RECORDS SUPPLIED -
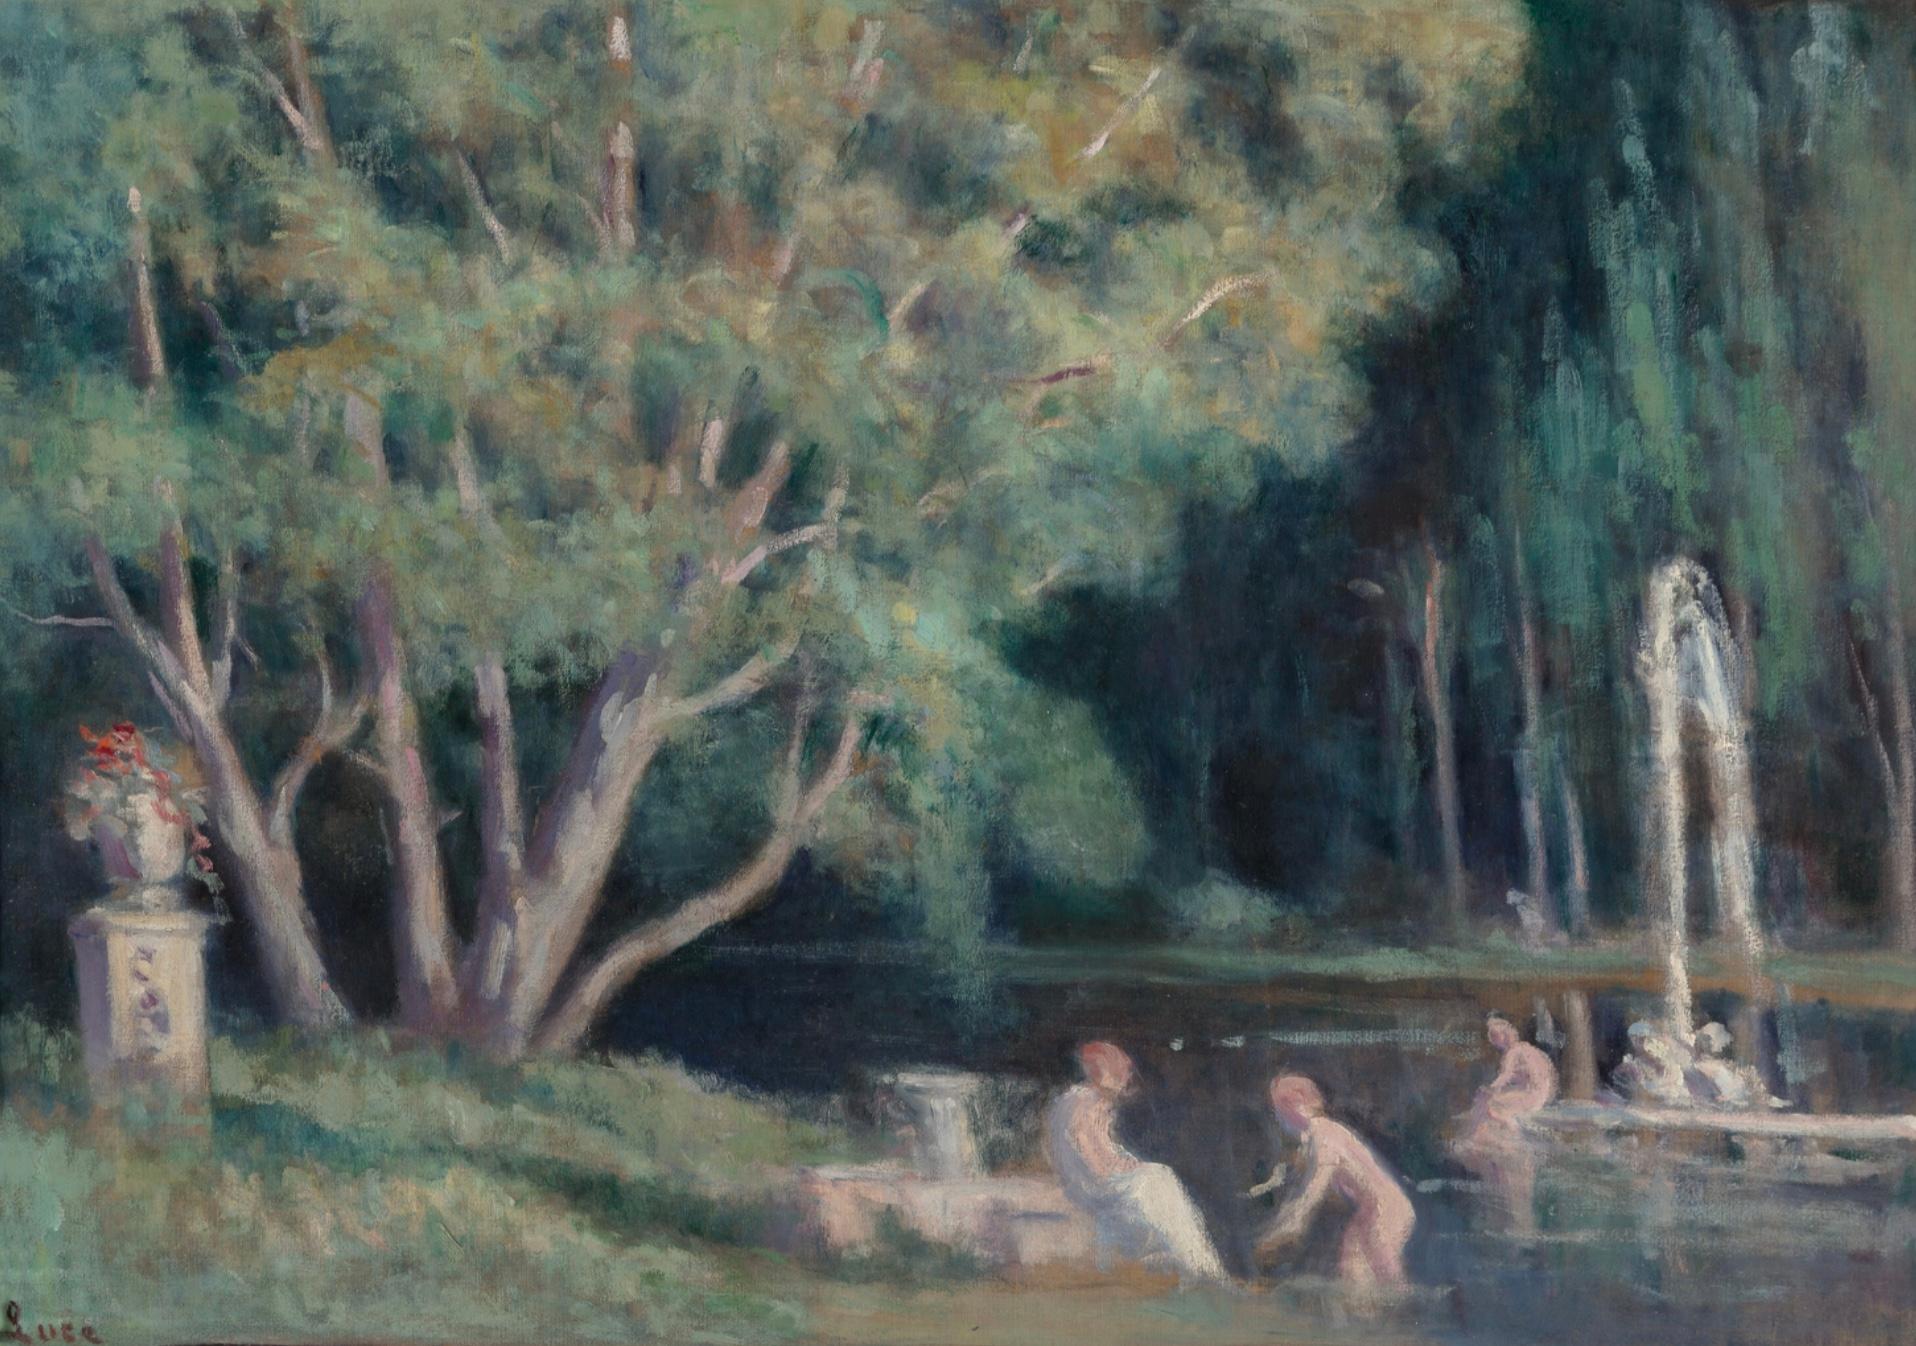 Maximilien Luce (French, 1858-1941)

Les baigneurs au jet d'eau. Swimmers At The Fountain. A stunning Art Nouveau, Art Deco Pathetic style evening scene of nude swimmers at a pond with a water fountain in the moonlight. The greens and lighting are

---

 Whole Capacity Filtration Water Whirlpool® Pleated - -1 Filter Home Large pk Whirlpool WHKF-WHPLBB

YOUR INSTRUCTIONS -
Working from the records above, set down word for word everything from the line containing "Maximilien Luce (French, 1858-1941)" down to the line containing "Les baigneurs au", ends included, minus the pictures.

RESULT OF THE TASK -
 Maximilien Luce (French, 1858-1941)

Les baigneurs au jet d'eau. Swimmers At The Fountain. A stunning Art Nouveau, Art Deco Pathetic style evening scene of nude swimmers at a pond with a water fountain in the moonlight. The greens and lighting are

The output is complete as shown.